ASSIGNMENT =>
What are the lines, word for word, from the line with "Queer_RebeccaRuetten_Uganda_Biggie_web-08787.jpg" up to and including the line with "FisherbrandRNase-Free Disposable Pellet" in the records below? Omit the pictures.

[Opening DATA SHOWN section]

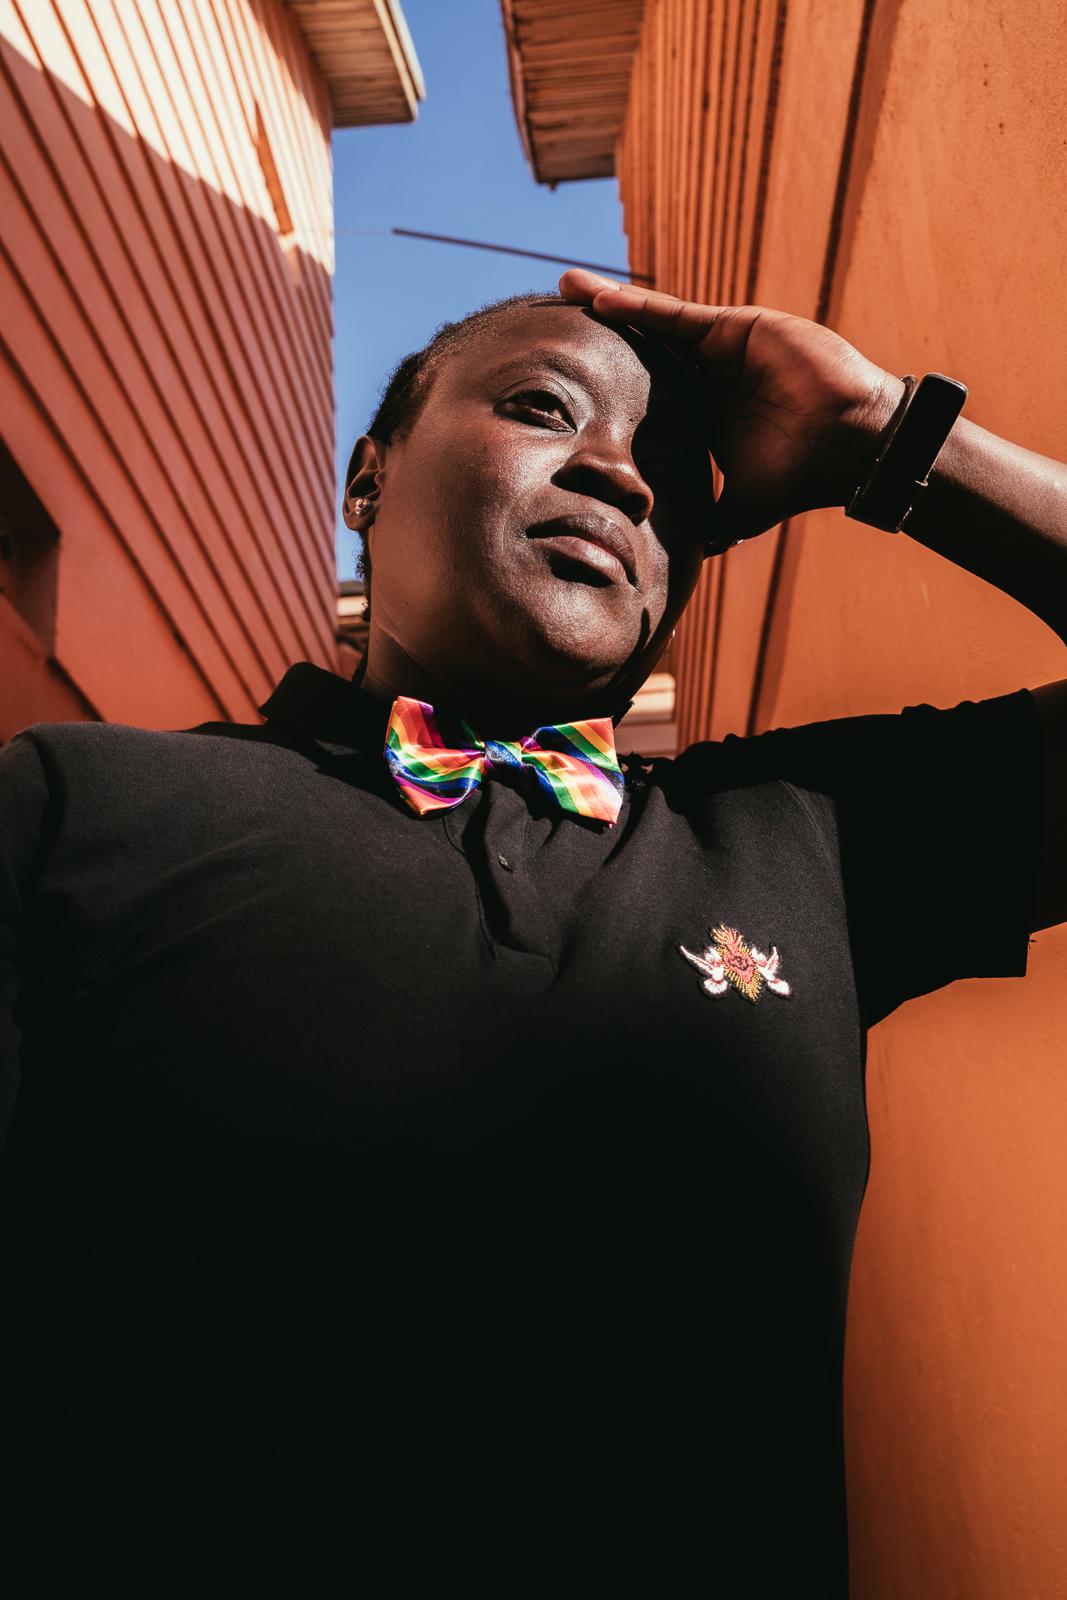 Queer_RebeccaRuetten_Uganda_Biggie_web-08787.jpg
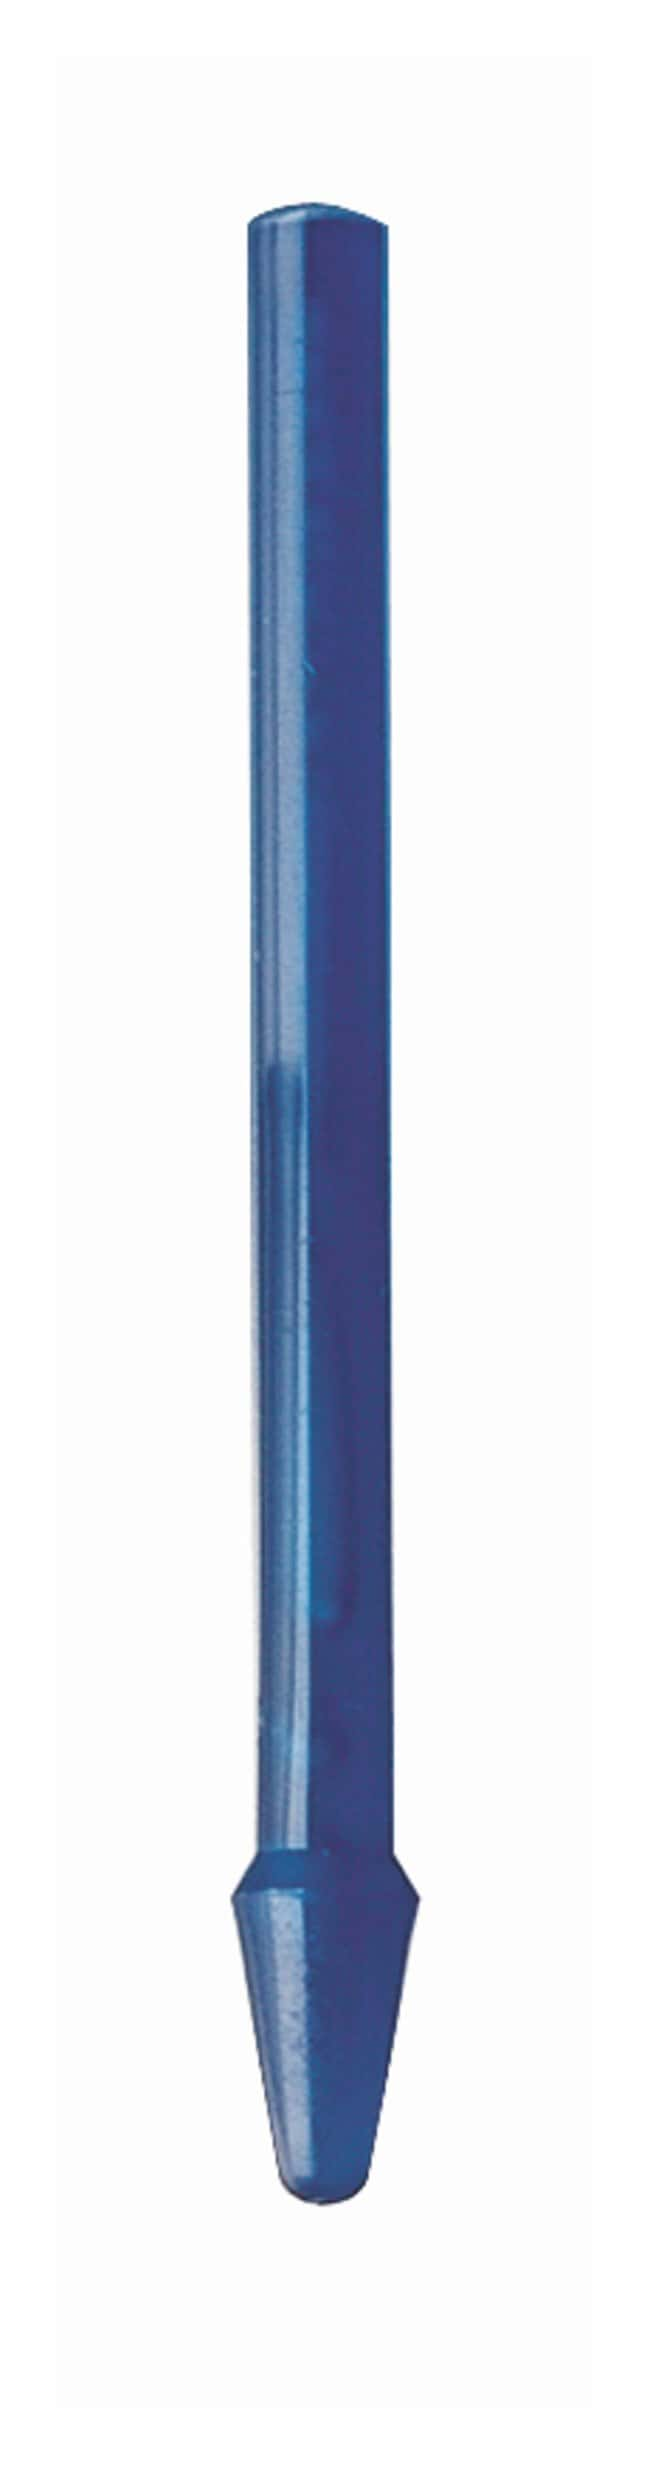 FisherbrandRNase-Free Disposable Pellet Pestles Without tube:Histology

[Closing DATA SHOWN section]
[Opening DATA SHOWN section]

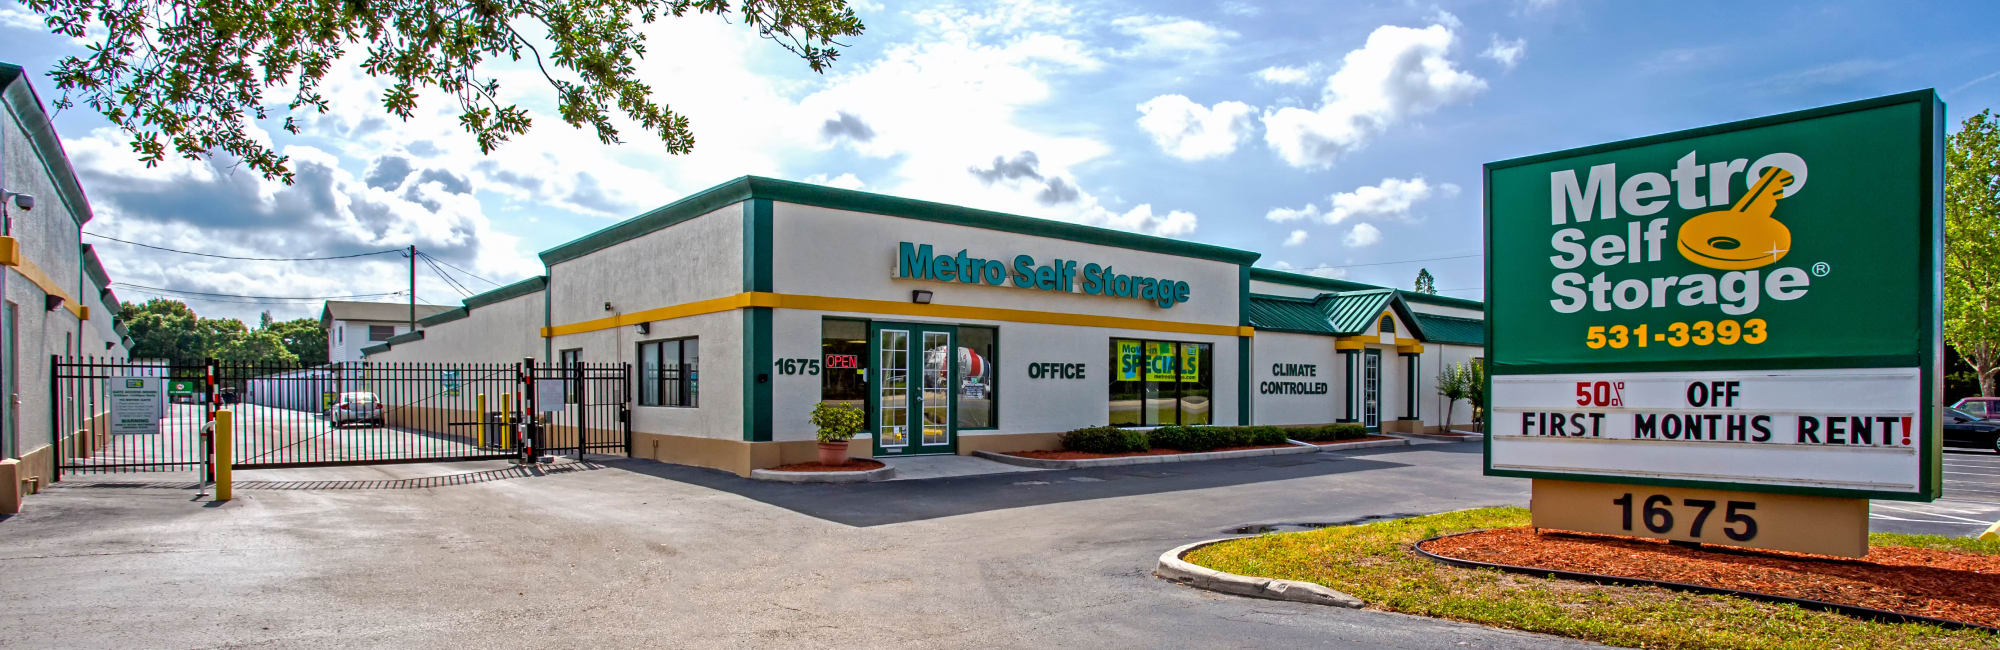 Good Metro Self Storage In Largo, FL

[Closing DATA SHOWN section]

ANSWER TO THE PROBLEM =>
 Queer_RebeccaRuetten_Uganda_Biggie_web-08787.jpg
 FisherbrandRNase-Free Disposable Pellet Pestles Without tube:Histology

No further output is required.